Pasco County Sheriff's deputy Kristina Perez, a field training officer, wears a body worn camera during a press conference Thursday announcing the agency's move to issue 415 of them to deputies. [BRENDAN FITTERER | Times]
Published Dec. 12, 2014

NEW PORT RICHEY — While other Tampa Bay area law enforcement agencies evaluate and test the use of body cameras by officers, the Pasco County Sheriff's Office is going all in.

Pasco Sheriff Chris Nocco announced Thursday that his agency will begin using more than 400 of the cameras in February — enough to outfit every deputy on patrol.

"The Pasco Sheriff's Office would rather be out there leading the way," he said in a news conference. "If they're actually going to reduce violence on law enforcement officers and reduce complaints, I'd rather get them on the street as soon as we can."

Nocco said the Taser Axon cameras, which the agency purchased with $400,000 in federal forfeiture dollars this year, will lead to more plea deals, increased transparency and heightened officer safety, as well as the ability to critique how deputies handle incidents.

Law enforcement leaders across the country are adopting the technology after widespread criticism of police tactics following the shooting of black teenager Michael Brown by a white officer in Ferguson, Mo., this summer. Officer Darren Wilson was not wearing a body camera during the shooting.

They are not widely deployed yet in the Tampa Bay area, though some Gulfport police have used them for five years as an alternative to more expensive in-car recording systems.

Plant City police are in a trial phase, Tampa police are reviewing proposals and the city of Clearwater plans a pilot program for the spring.

In St. Petersburg, Chief Tony Holloway plans to test cameras in May or June, but like many in law enforcement he remains skeptical of their effectiveness at stemming violent confrontations.

"Body cameras are not going to instill trust in a community. It's just technology," he said. "We as law enforcement are going to have to put that trust into the community."

Critics of the cameras question their impact on citizen privacy and their efficacy in holding law enforcement officers accountable. They point to this month's decision by a grand jury not to indict a white New York City police officer who used a chokehold on a black man, a banned tactic that resulted in the man's death, even though the incident was captured on video.

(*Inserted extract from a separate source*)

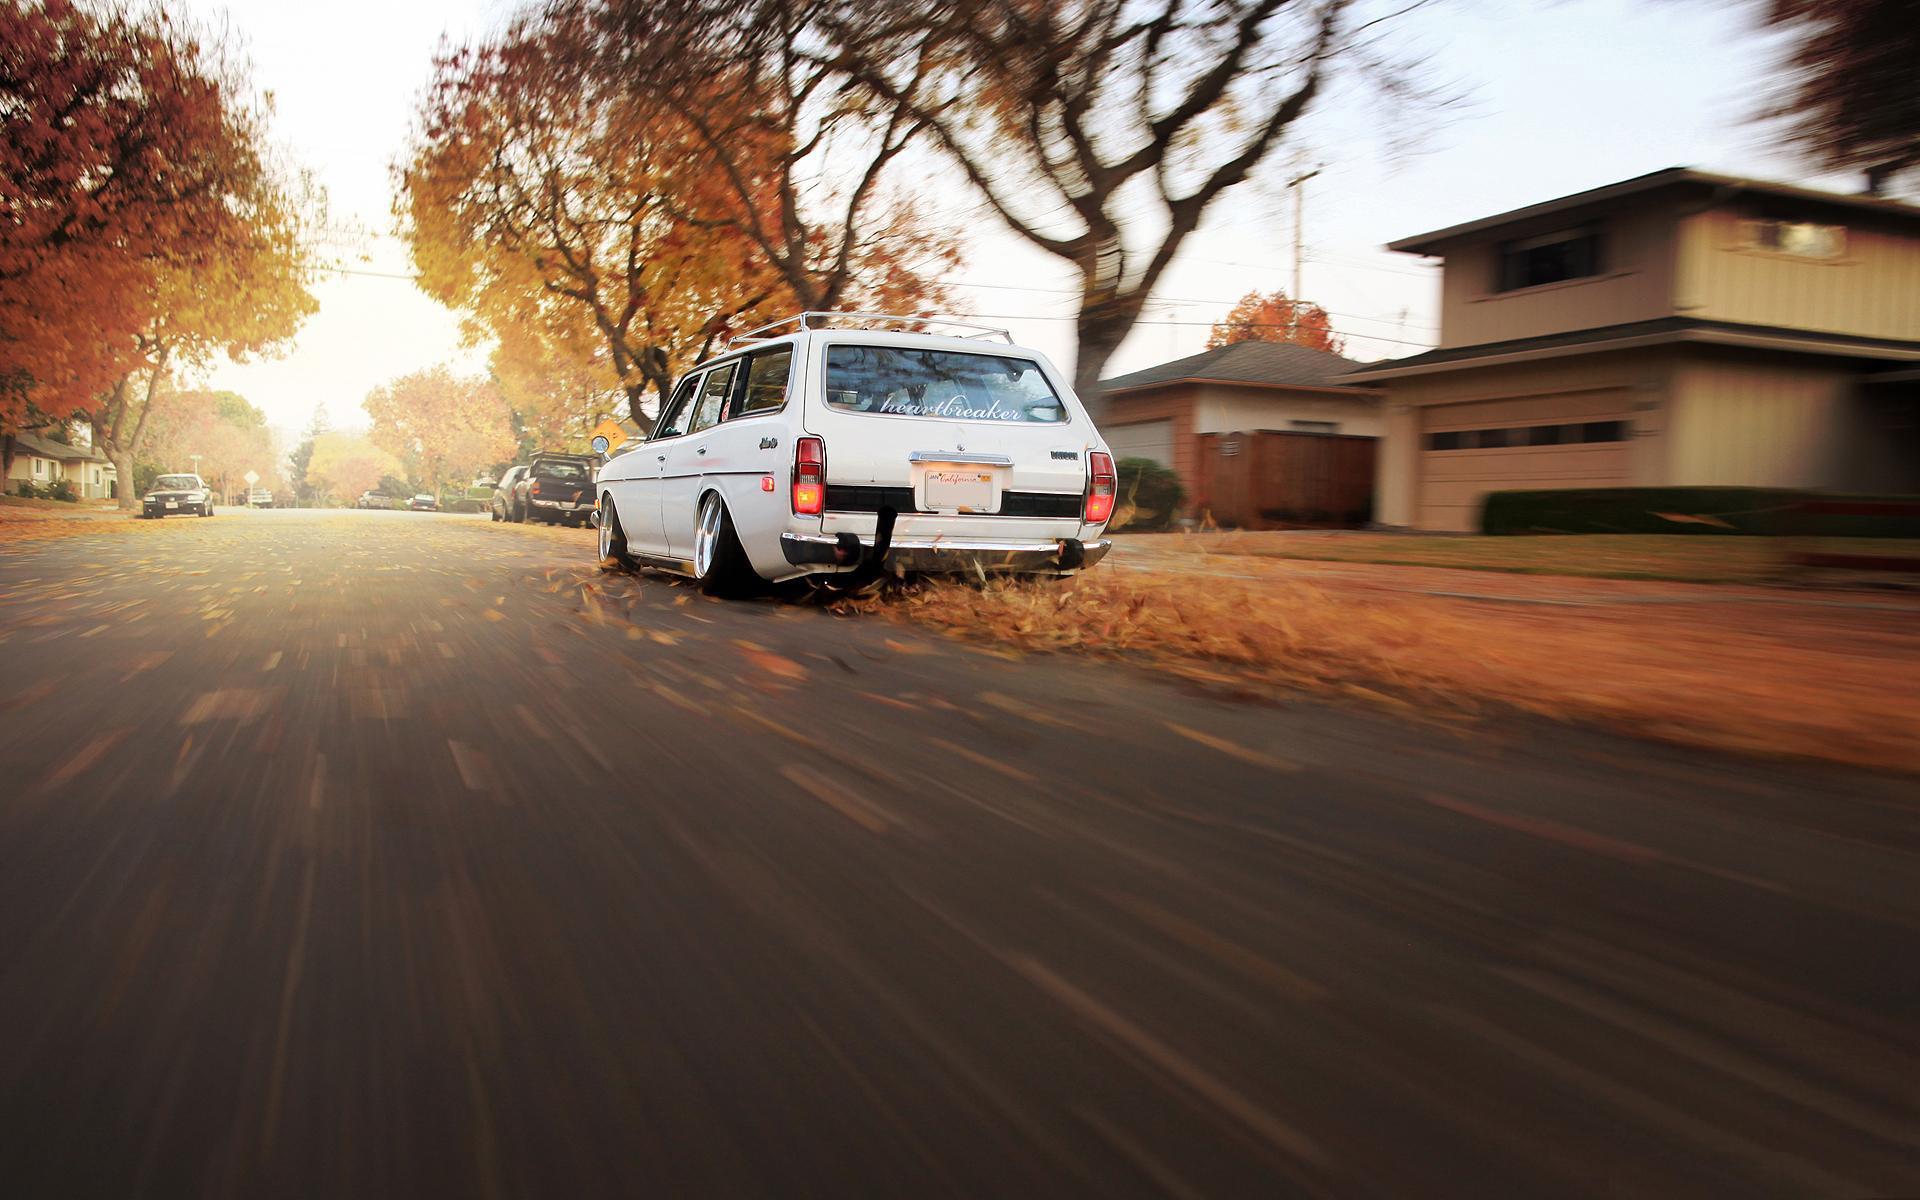 Fahrzeuge - Datsun 610 Wagon  Wallpaper

Nocco said the cameras, which also record sound, will be a tool, not a cure-all.

Pasco deputies had been requesting body cameras for some time, the sheriff said. The events in Ferguson just expedited the process. Citizens often record on-duty deputies, Nocco said, and a selective, heated clip from a longer encounter can cast a negative light on deputies. Now they'll have the ability to show the "whole story," he said.

Deputy Kristina Perez, who has worn a camera for the last two months, said she noticed the behavior of several people improve when she told them they were being recorded.

"It comes from a perspective of safety: officer safety, the safety of the public," she said. "When we make good arrests, this is evidence. All that can do is help in prosecution. I'm all for it."

The sheriff cited studies from California and Scotland that showed the use of body cameras reduced complaints against law enforcement agencies, increased the rate of plea deals in cases with video, and reduced assaults against officers.

Videos will be used in training for evaluating deputy actions and finding areas to improve, Nocco said.

While patrol officers perform official duties, their camera must remain on, according to a draft policy governing the cameras. Officers must inform citizens of the recording as soon as is possible or practical.

At the end of a shift, officers will upload their recordings, which they cannot manipulate or edit, according to the draft policy. Deputies may review recordings when preparing reports and getting ready to give court testimony, but deleting files requires a written request. Deputies may also be banned from seeing a video if his or her actions are under review.

Specific rules govern privacy concerns. If a deputy responds to a private residence and finds that no crime has been committed, the deputy must turn off the camera if the resident requests. Crime victims younger than 16 may not be recorded. Adult victims of a sexual crime may also request not to be recorded.

Lawyer Craig Laporte of criminal defense firm Proly, Laporte & Mulligan, who has represented Pasco deputies, said the cameras point the criminal justice system to the truth.

"There are an awful lot of people who complain about deputy behavior, and this is an opportunity for when those complaints come in, for there to be a determination of what exactly happened," Laporte said. "I think it will discourage people from making false claims against law enforcement officers. At the same time . . . it is going to potentially reduce the likelihood that (deputies) may step over the line."